- Diocese: Spokane
- Appointed: March 12, 2015
- Installed: May 20, 2015
- Predecessor: Blase J. Cupich
- Previous post: Auxiliary Bishop of San José in California and Titular Bishop of Tabalta (2011-2015);

Orders
- Ordination: May 9, 1987 by John Raphael Quinn
- Consecration: May 25, 2011 by Patrick Joseph McGrath, George Hugh Niederauer, and George Leo Thomas

Personal details
- Born: April 30, 1960 (age 66) San Francisco, California
- Denomination: Roman Catholic
- Alma mater: University of San Francisco (B.A., 1982) Saint Patrick Seminary (M.Div., 1987) Boston College (M.Ed., 1996).
- Motto: Into your hands Lord

= Thomas Anthony Daly =

American Roman Catholic bishop

Thomas Anthony Daly (born April 30, 1960) is an American prelate of the Roman Catholic Church. He has been serving as bishop of the Diocese of Spokane in Washington State since May 20, 2015. He previously served as an auxiliary bishop of the Diocese of San José in California from 2011 to 2015.

==Biography==
===Early life===
Thomas Daly was born on April 30, 1960, in San Francisco, California. After graduating from high school, Daly entered the University of San Francisco, where he received a Bachelor of Arts in 1982.

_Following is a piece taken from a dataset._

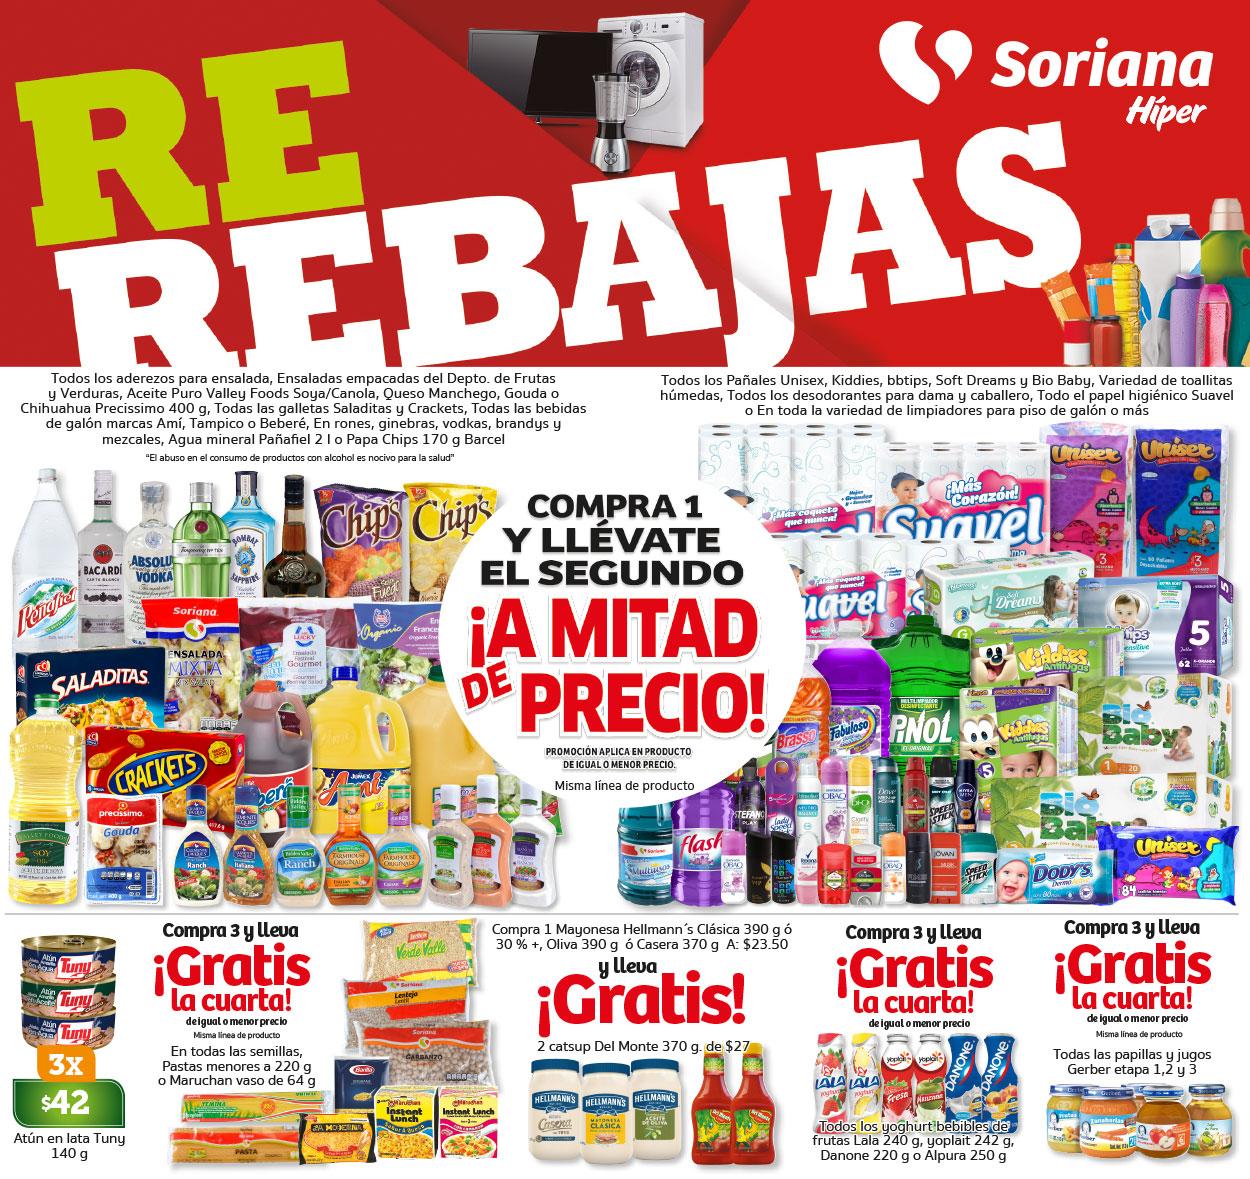 Soriana Híper y Súper: Ofertas de Fin de Semana

Having decided to become a priest, Daly enrolled in St. Patrick's Seminary and University in Menlo Park, California. In 1987, he received a Master of Divinity degree from St. Patrick.

===Priesthood===
Daly was ordained to the priesthood at the Cathedral of Saint Mary of the Assumption in San Francisco by Archbishop John Quinn for the Archdiocese of San Francisco on May 9, 1987. The archdiocese assigned Daly as parochial vicar of Our Lady of Loretto Parish in Novato, California, and as teacher and campus minister at Marin Catholic High School in Kentfield, California.

Daly left Our Lady of Loretto in 1992, but continued working at Marin High School for the next 11 years. Daly left Our Lady in 1992, Daly began serving in 1995 as part-time chaplain to the San Francisco Police Department and as pastor of Saint Cecilia Parish in San Francisco.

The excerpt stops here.